The Technology for Autonomous Weapons Exists. What Now?

TLC (Teaching and Learning College)

The Technology for Autonomous Weapons Exists. What Now?

December 24, 2024 at 04:30PM

In 2017, the Future of Life Institute, a nonprofit committed to “reducing extreme risks from transformative technologies,” produced a seven-minute video titled “Slaughterbots.” In the video, an autonomous drone—loaded with three grams of explosive material and small enough to fit in the palm of your hand—takes flight. Using facial-recognition software, the drone targets a mannequin and then dives toward it, colliding with a sound like a gunshot and leaving a small hole in its forehead. Though the video itself is a work of fiction, the technology, Sarah Scoles writes, “was already in the works . . . and there was no international treaty to deal with it.” Scoles traces the evolution of autonomous weapons and details the concerns—commercial, ethical, existential—already shaping a thriving industry.

The first potential use of a fully autonomous modern weapon was in Libya in 2020, when a drone may have self-directed to attack militia fighters, according to a United Nations report (though it is difficult to prove a human wasn’t in the loop somewhere). Since then, semi-autonomous weapons — with varying degrees of human involvement — have continued to appear on the battlefield: In Ukraine, autonomous drones are able to target people, although for the moment a human directs them to do so. In the ongoing conflict in Gaza, the Israel Defense Forces have reportedly used an AI-enabled data system called Lavender that chooses human targets based on behavioral patterns with “little human oversight,” according to an investigation by +972 Magazine and Local Call.

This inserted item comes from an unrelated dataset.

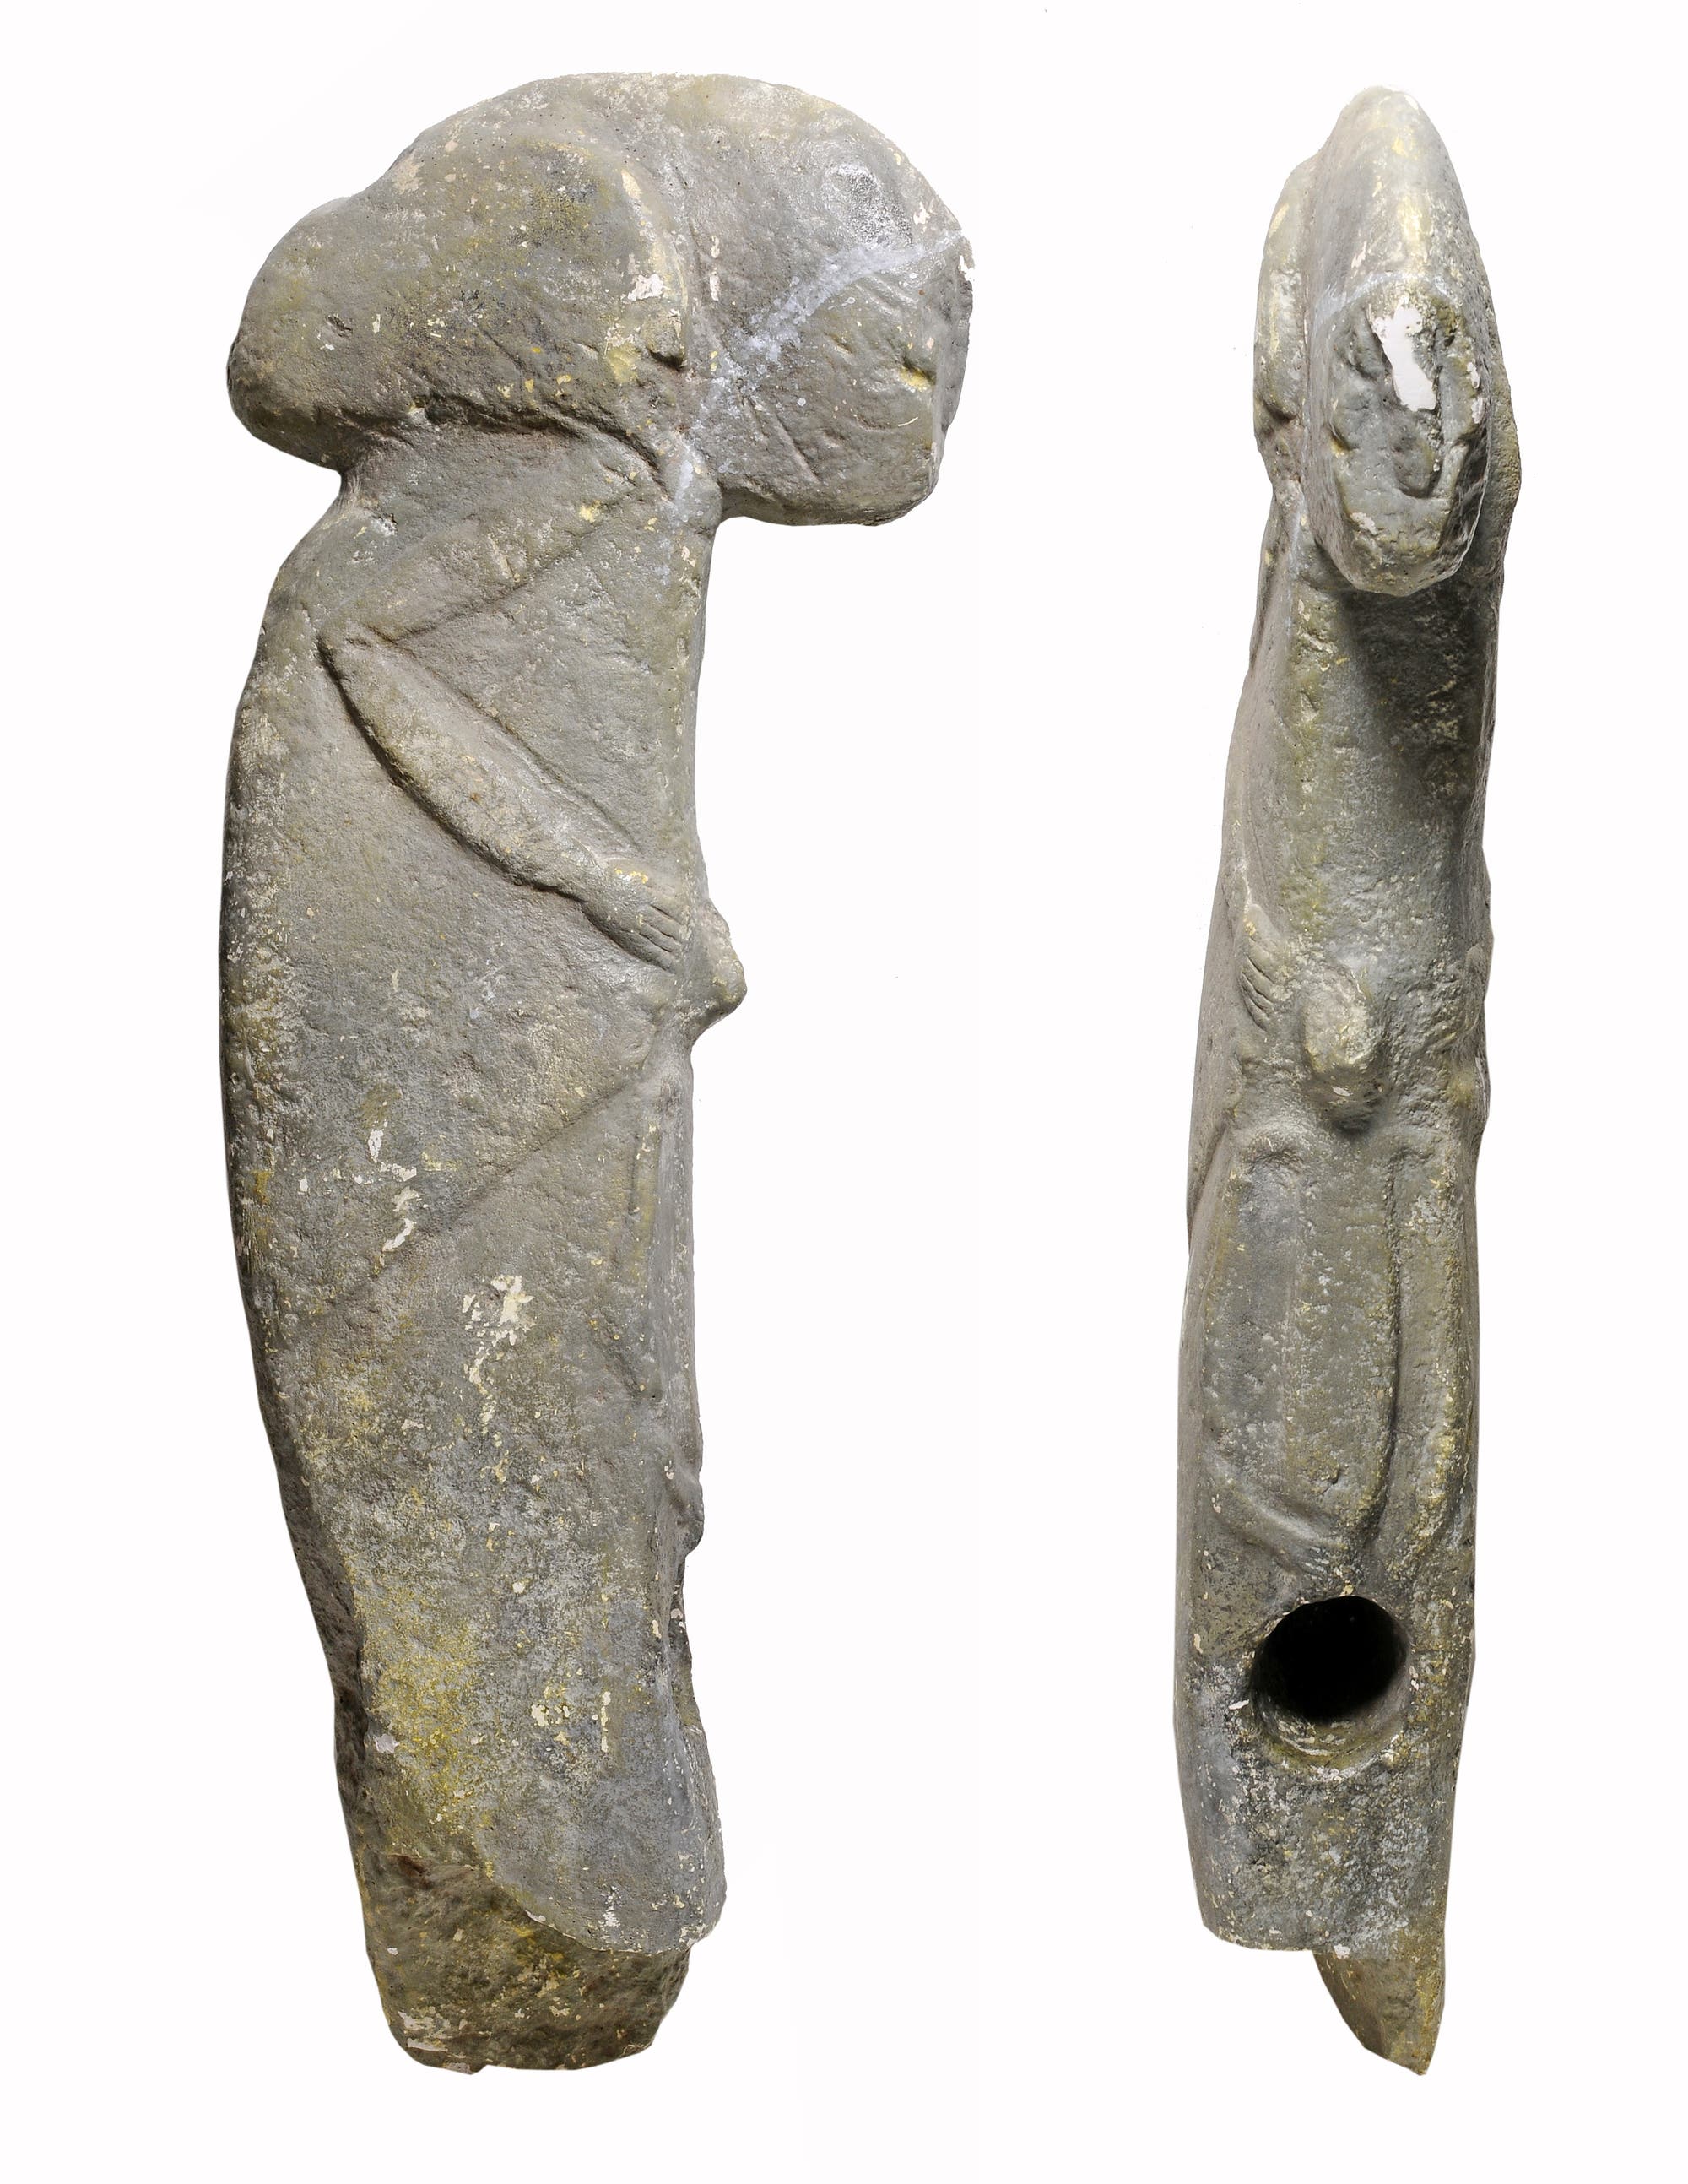 So genannte Kilisik-Skulptur aus der Südosttürkei. Die Figur ähnelt einem Hammer.

Much of the latest technological development is fueled by governments and companies eager to get ahead of the weapons race. That appears to be the case with a recent U.S. initiative called Replicator that aims to deploy thousands of small, inexpensive uncrewed vehicles: ships, aircraft, and anti-drone devices — potentially like those Fortem makes — by August 2025. “The technology is ready,” said Eric Pahon, spokesperson for the deputy secretary of defense, in an emailed comment.